But would you hold the owner(s) of the land a flea market is being held on responsible if one of the vendors was selling stolen goods? Metaphors are dangerous. You can create one to prove any point you want; that's why they should not be considered as evidence or an argument.
Games giants sue Yahoo! over 'thieves market': "'Yahoo! has created a virtual flea market for thieves to sell stolen property,' an Electronic Arts representative told AP. 'If there was a store in the mall selling counterfeit copies of games, we'd call the police and that store owner would be held accountable for it.'"
Libraries create Web paedophiles, 'expert' testifies: The Register spanks an 'expert' witness. Presumably we are using the term 'expert' witness because that what the courts call it... goodness knows this witness doesn't meet the higher standard of the dictionary definition of expert.
More cphack madness.

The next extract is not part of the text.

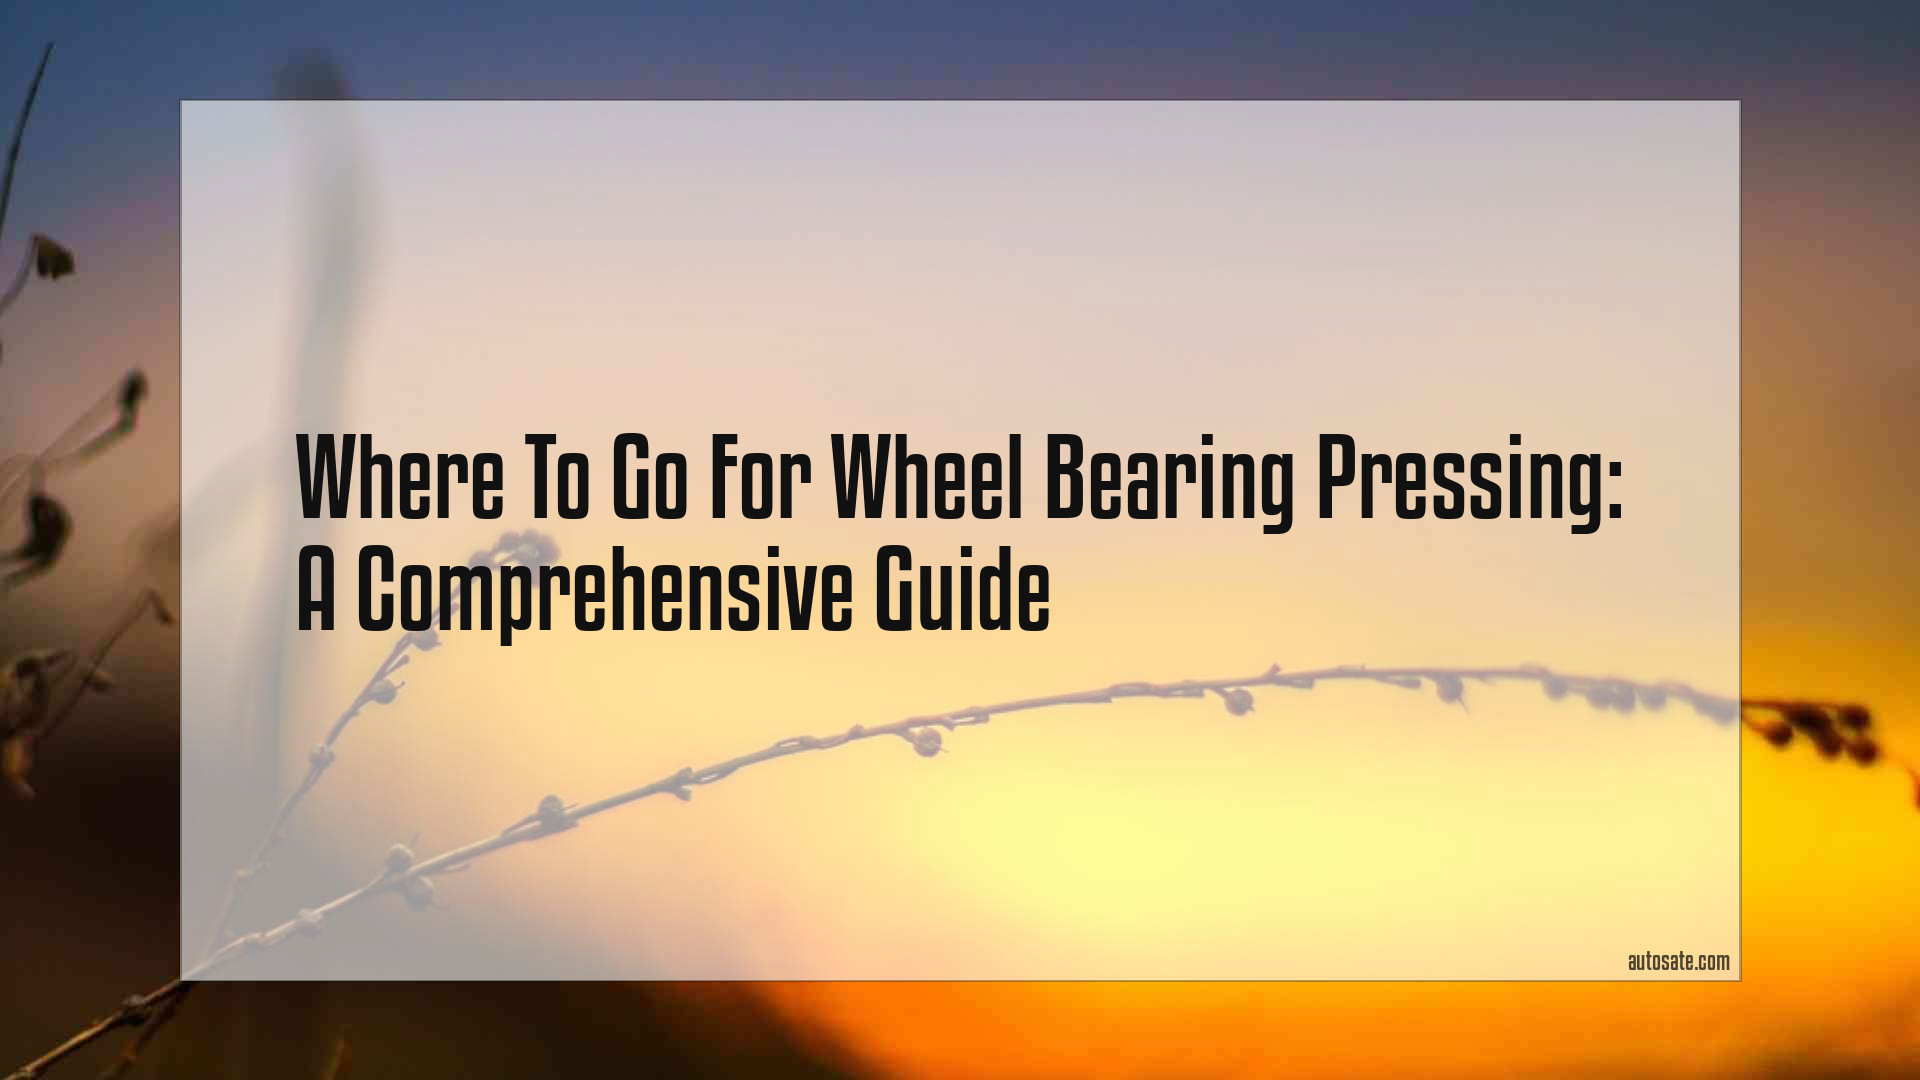 Where To Go For Wheel Bearing Pressing: A Comprehensive Guide

A better review of the legal questions surrounding it... and just to show how tangled things get in the real world, this case is threatening the foundation of the Free Software movement as embodied by Linux.
Broadcasters fight double fees for Net radio: "The National Association of Broadcasters said it has sued the Recording Industry Association of America to prevent it from charging special royalties to radio stations that stream their signals to the Web." No comment.

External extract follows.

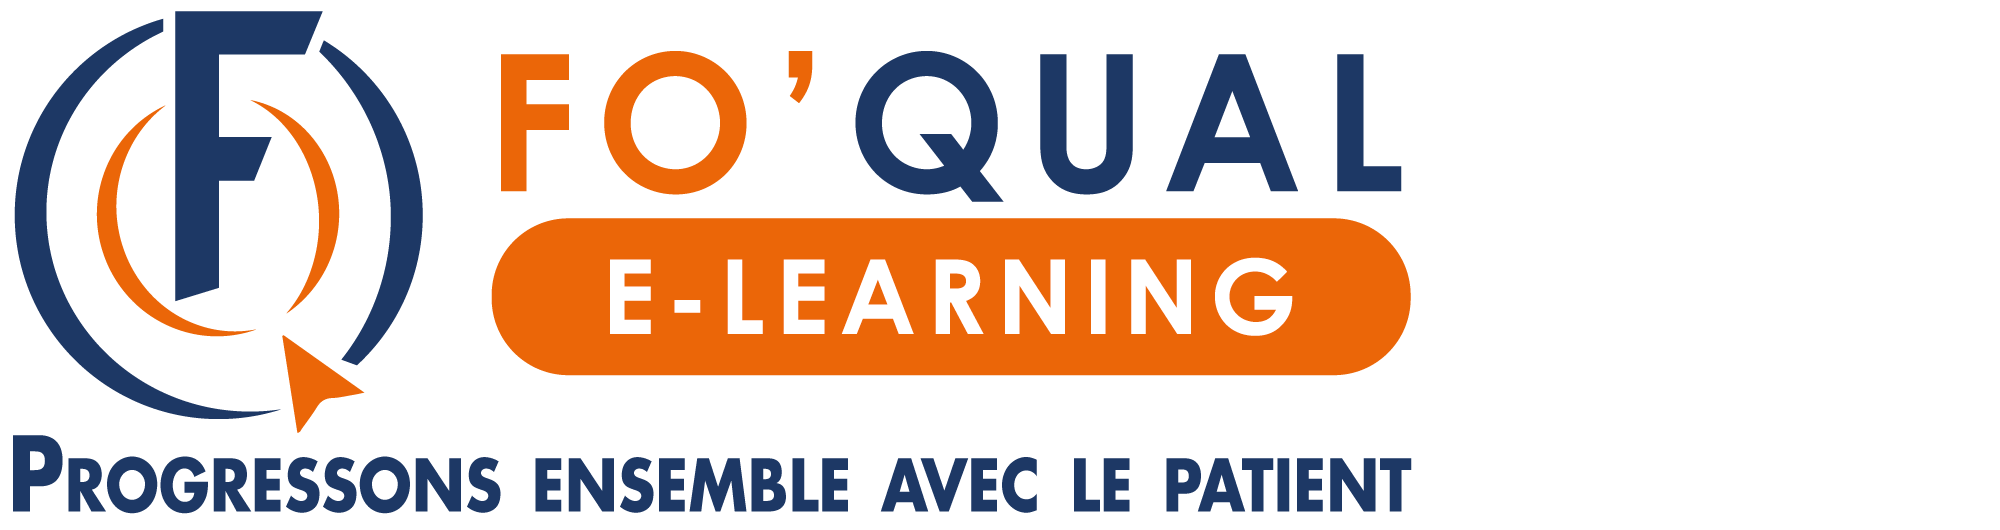 FO’QUAL : solutions e-learning

Then I'm going to get really innovative.
I've been playing around a bit lately with Mozilla... I've been a big supporter of IE so far, not because I like Microsoft but because IE4 is quite clearly superior to Netscape 4. I'll tell you this though: Mozilla does have a chance. There are things that websites can do relatively easily with Mozilla that IE4 or 5 would require lengthy and difficult development of ActiveX components for, and these Mozilla things will work for ALL platforms... I'm hoping to develop a few of these. Hopefully by the end of this week the first one will be out!
later... Whoops! Here's a bug. You're not supposed to have links to your own site show up. So I when I check all the links on your site, if it links to yourself (or isn't a fully-qualified URL), I just discard it. Well, Serious Instructional Technology inadvertantly got around that when he created fully-qualified links to some stories on his site, except he linked to instructionalTechnology with a capital T. Whoops. That should now correct itself on the next scan in 20 minutes. (Thanks David.)
Weblogs.com's XML seem to stall sometimes though... I'm going to have start dealing with that soon.